Makes 24 mini muffins
- 6 tablespoons hot water
- 2 tablespoons ground flaxseed
- 1 + 7/8 cup Enjoy Life Foods All-Purpose Flour Mix, sifted (2 cups less 1 tablespoon)
- 1 teaspoon baking soda
- 1/2 teaspoon salt
- 1/2 teaspoon ground cinnamon
- 1/4 teaspoon baking powder
- 1 cup Enjoy Life Foods Semi-Sweet Chocolate Mini Chips
- 3/4 cup organic cane sugar
- 1/3 cup shortening or dairy-free buttery spread
- 1 cup mashed very ripe bananas
- 1/4 cup water
- 1 tablespoon pure vanilla extract
- Preheat the oven to 350°. Oil or line a 24-capacity mini muffin tin with paper liners, or oil and line a standard 12-cup capacity muffin tin with paper liners.

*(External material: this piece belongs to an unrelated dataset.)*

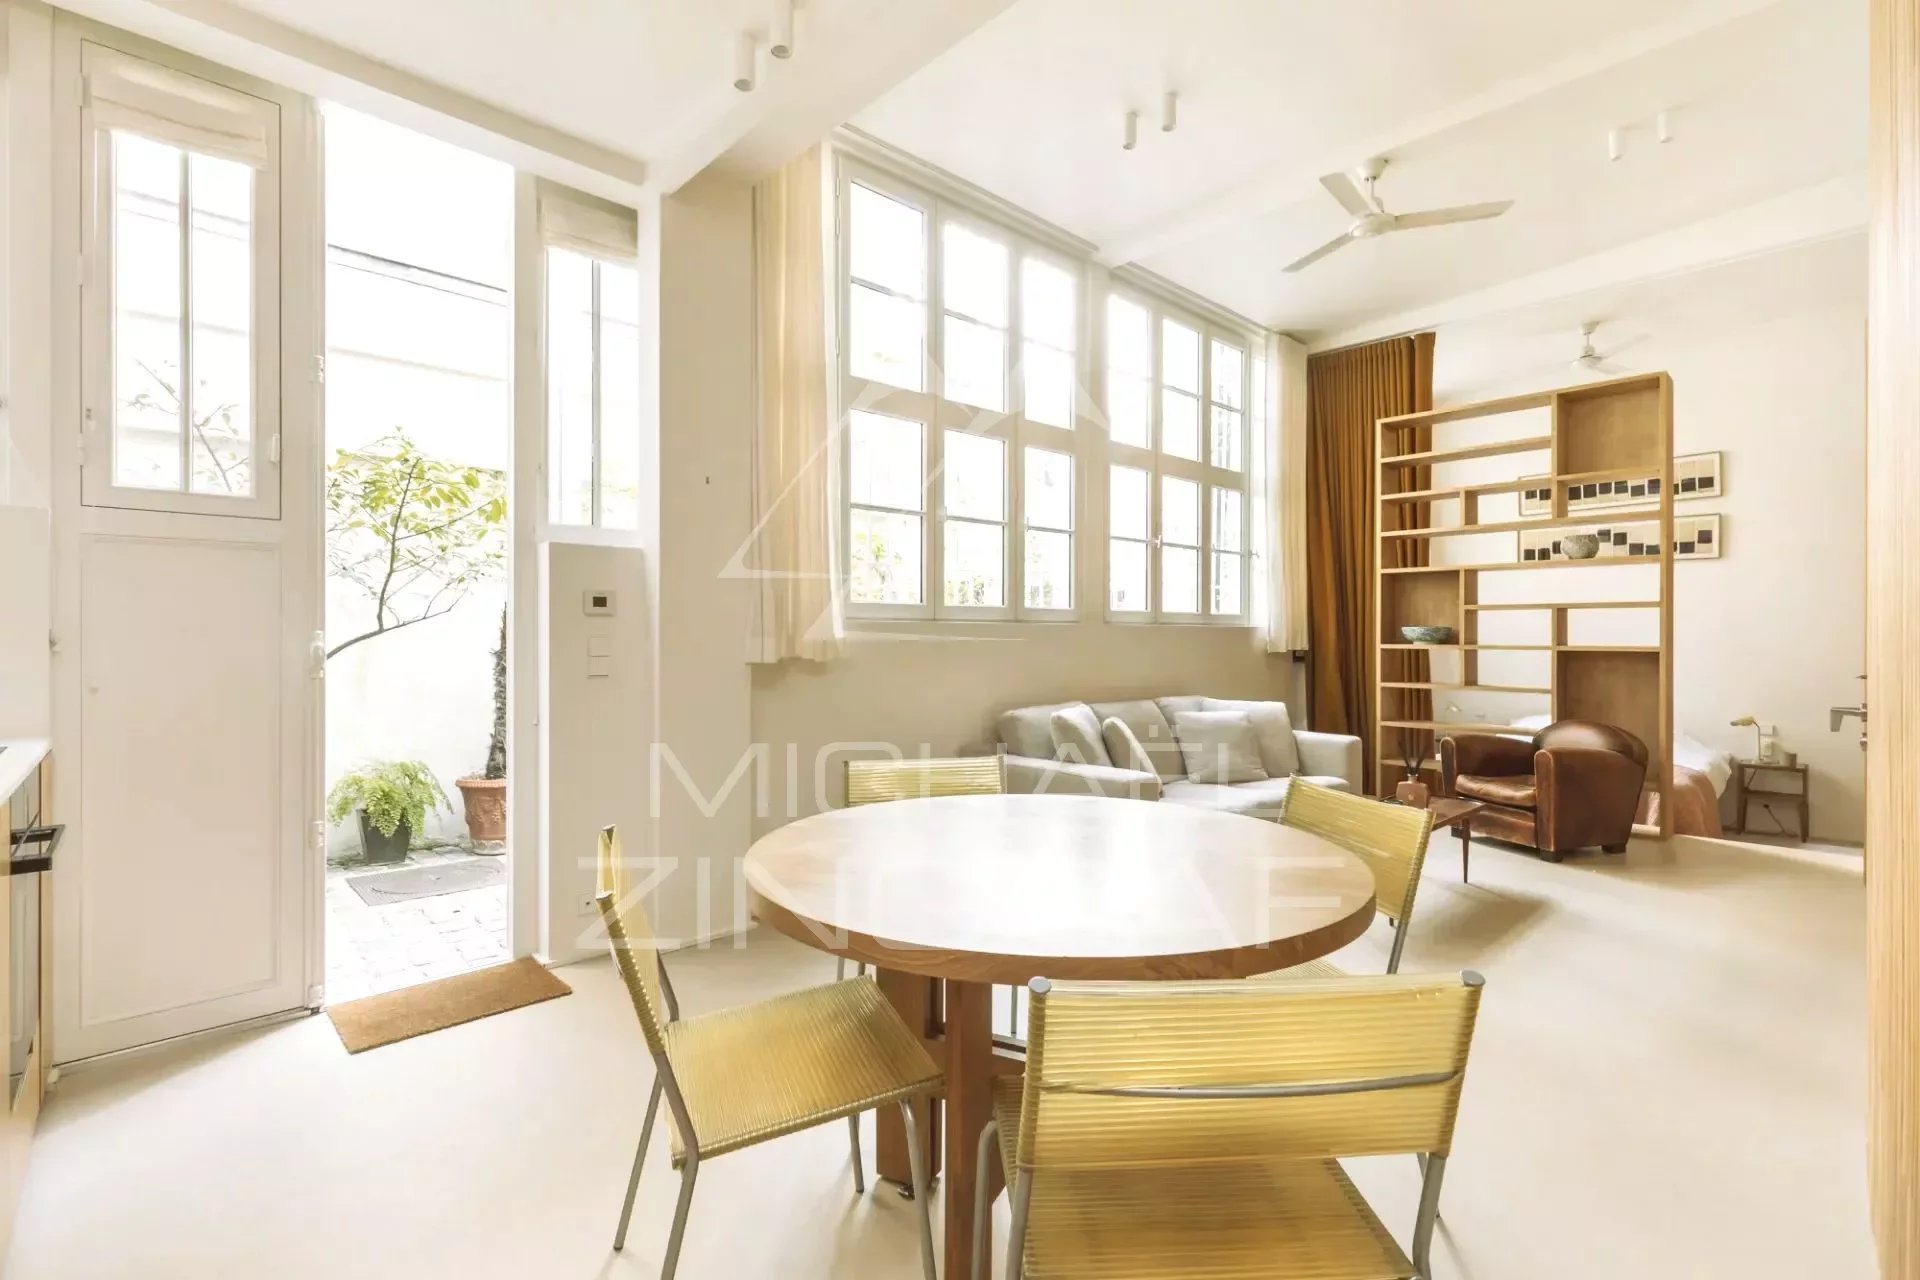 Exclusivité - A vendre - Appartement esprit maison - Atelier d'artiste - Rue de Verneuil

- Put the hot water and ground flaxseed in a small bowl. Mix, then let stand about 2 minutes to thicken.
- Put the All-Purpose Flour Mix, baking soda, salt, cinnamon, and baking powder in a medium bowl. Whisk well to combine. Add the Mini Chips, tossing to coat.
- Put the sugar and shortening in the bowl of a stand mixer or a large bowl. Using the stand mixer or a hand mixer, beat until light and fluffy, about 2 minutes. Add the flaxseed mixture, bananas, water, and vanilla. Beat well.

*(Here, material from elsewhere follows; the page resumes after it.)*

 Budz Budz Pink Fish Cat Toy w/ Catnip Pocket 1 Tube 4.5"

- Add the flour mixture to the sugar mixture. Beat until combined.
- Spoon the batter into the prepared pan, filling each one about two-thirds full. Bake the mini muffins for 13 to 15 minutes, or large muffins for 18 to 20 minutes, until golden brown and a toothpick inserted into a muffin comes out clean. Cool 5 minutes, then transfer each muffin to a wire rack to cool completely.
- Serve, or store in an airtight container for up to 2 days, moving leftovers to the refrigerator or freezer.